Welcome to Tesla Motors Club
Discuss Tesla's Model S, Model 3, Model X, Model Y, Cybertruck, Roadster and More.
Register

Listed range of P90D vs. P85D

This site may earn commission on affiliate links.
I don't see the P85D as being available anymore but Tesla updates the ranges sometimes so they may have changed the range listed online when they removed the P85D, since they no longer needed the P90D to "compete" agianst the 85, since they don't make the 85 anymore...
 
I'm looking at several inventory cars, and was wondering why the listed range for the P85D is greater than that for a P90D?
No problem, it is all about the specific metric.

The P85D shown 285 miles range is at a constant 65 MPH
The P90D shown 270 miles range in based on the EPA 5-cycle test.
When the 90's were introduced the same EPA ratings as did 85's because the 90's had not been subjected to the full EPA test cycles.
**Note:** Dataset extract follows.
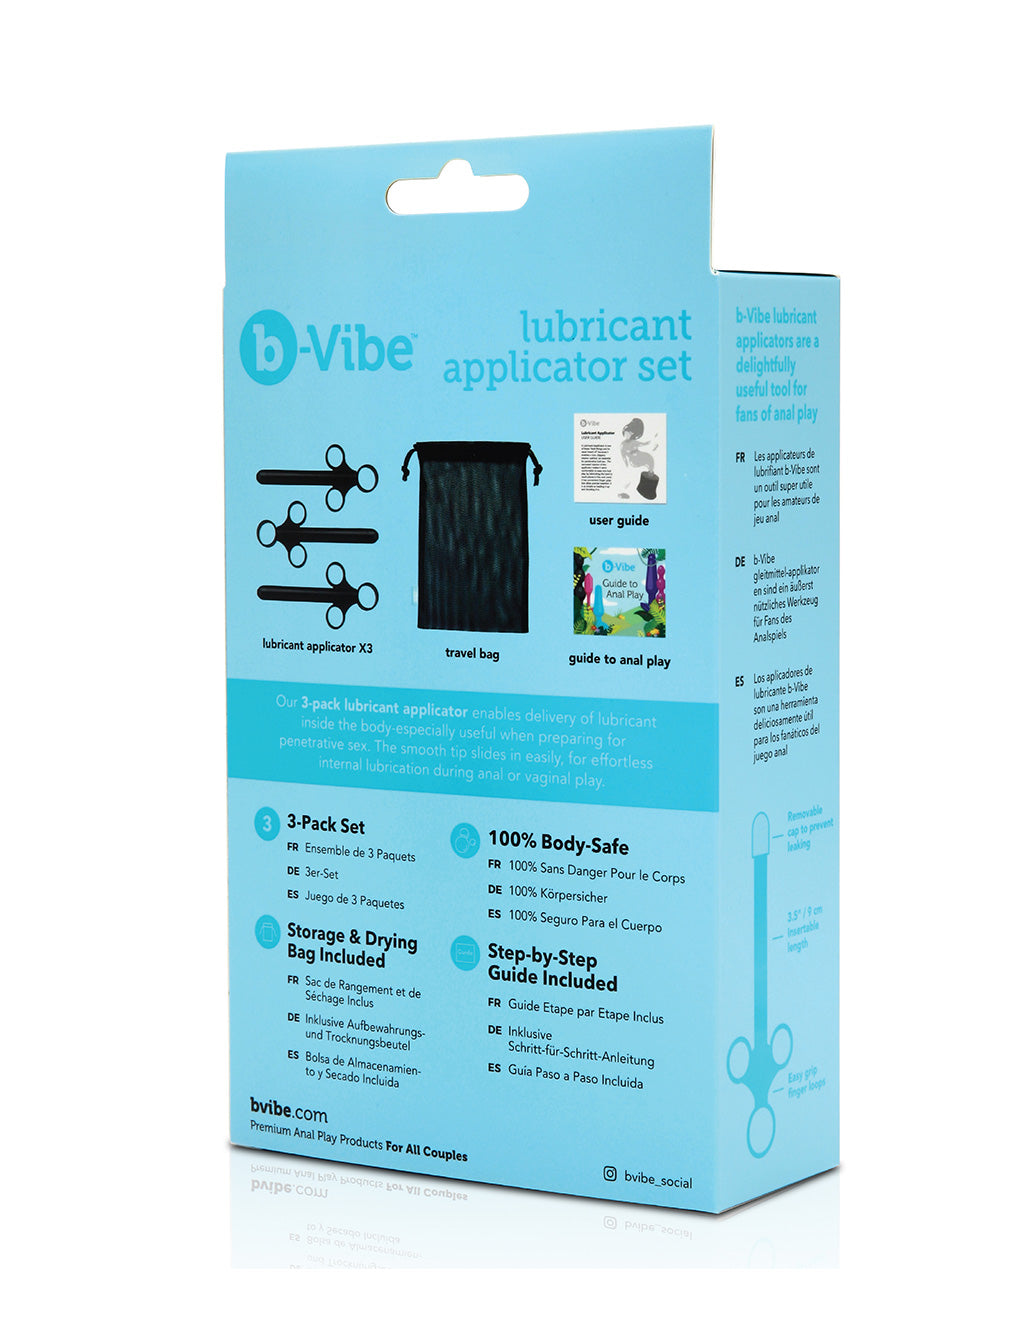 B-Vibe Lubricant Applicator Set- Back box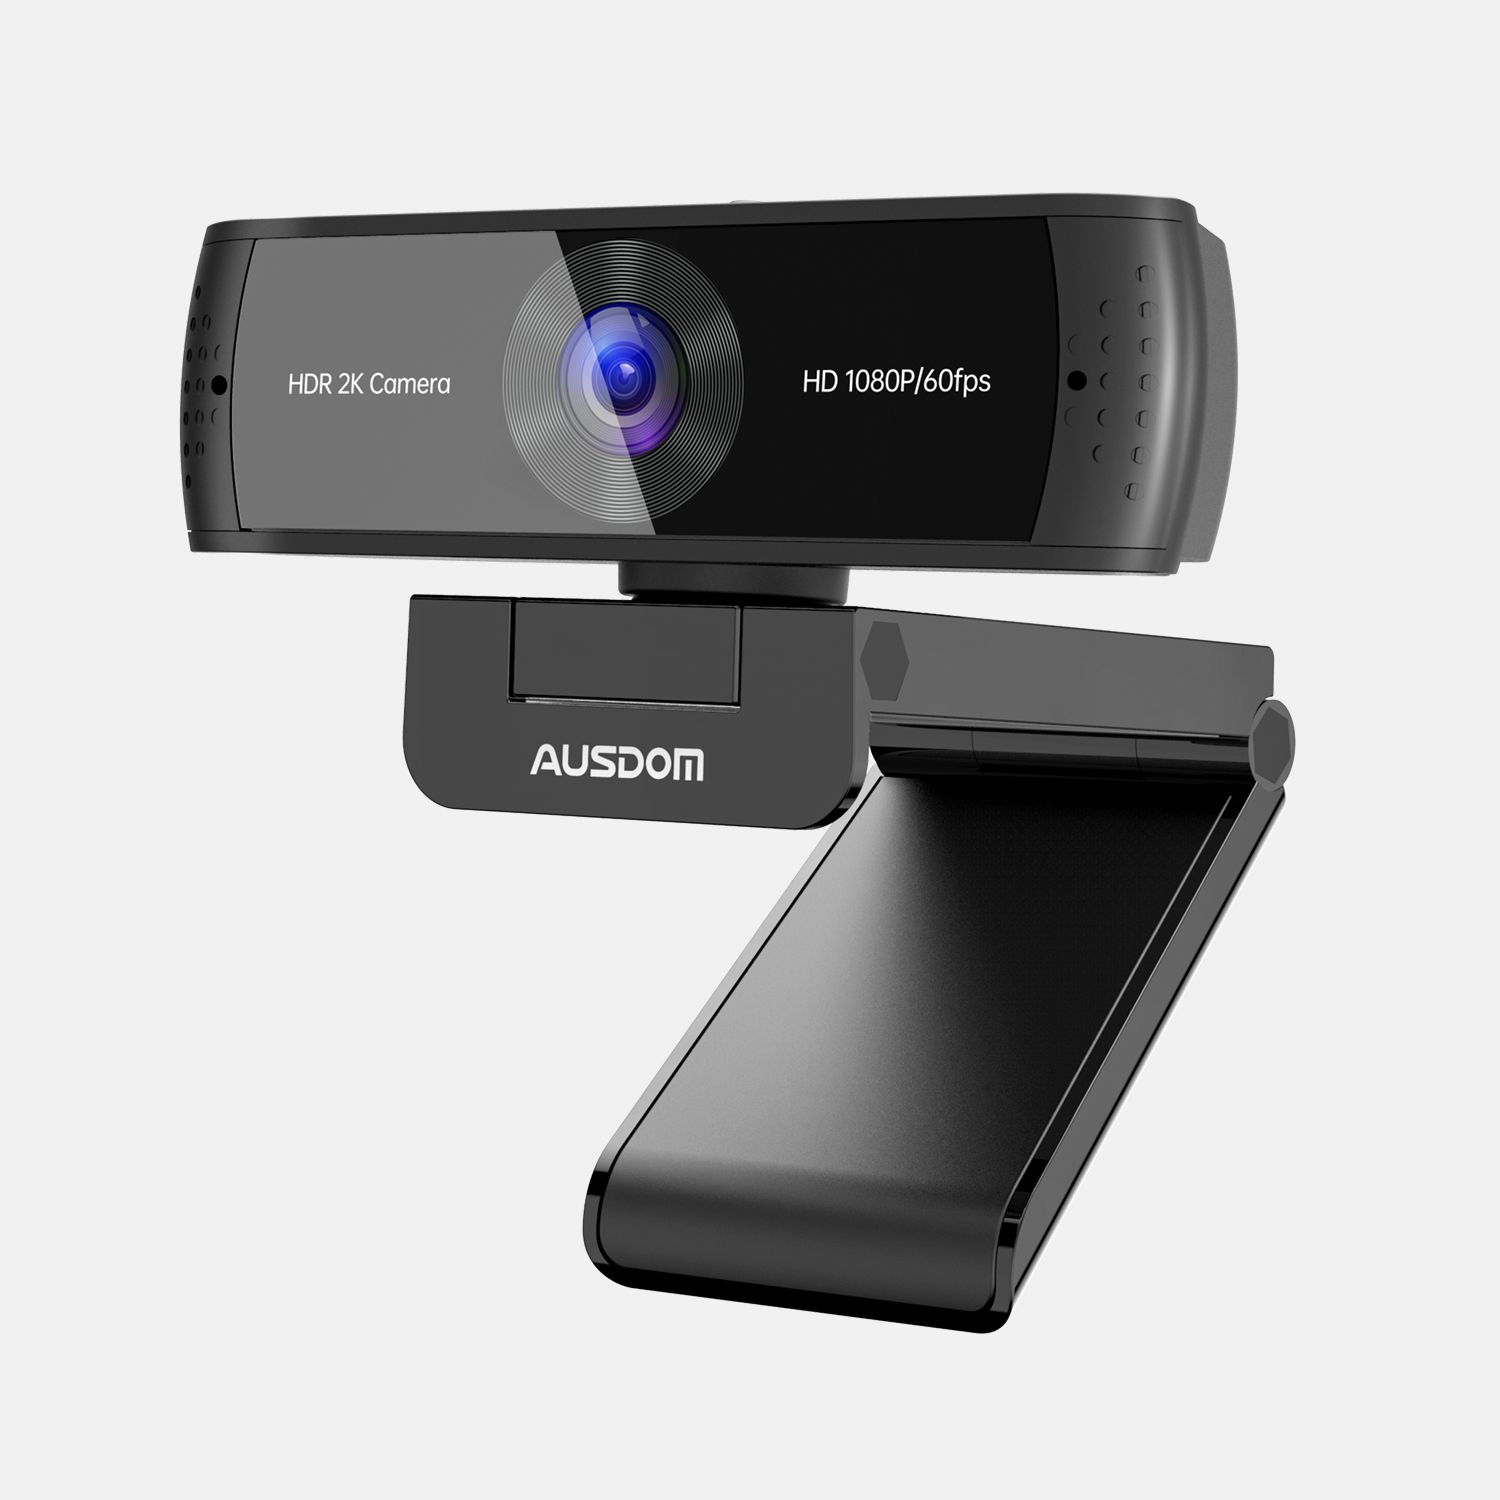 Webcam 1080p 4k Full Hd Web Camera Built-in Microphone Usb Web Cam For Pc  Computer Mac Laptop Desktop  Skype Win10

Had they done that the range of the 90 would have been 7-8% better than was the 85.

As for why Tesla chose to show the constant 65 MPH range for the CPO site, I have no idea.
 
As for why Tesla chose to show the constant 65 MPH range for the CPO site, I have no idea.
I believe the policy for CPO (and Inventory) cars is to show the original specs as listed on the website at the time the car was configured or built (not sure which). In other words "no revisionist history". Part of the reason (IMO) is that the pricing is similarly done, such that options that are now standard (no cost, not an option) still count as a cost option on the CPO(/Inventory) pricing model. Similarly the original base list price is used rather than current pricing for the same model (if it's still "active").

In theory, clever screen scraping + data analysis could track the configuration / design page changes (options and pricing) by analyzing all the CPO and Inventory listings over time. Of course, in theory you might be able to do that with the Wayback Machine* as well. Not sure which approach is easier.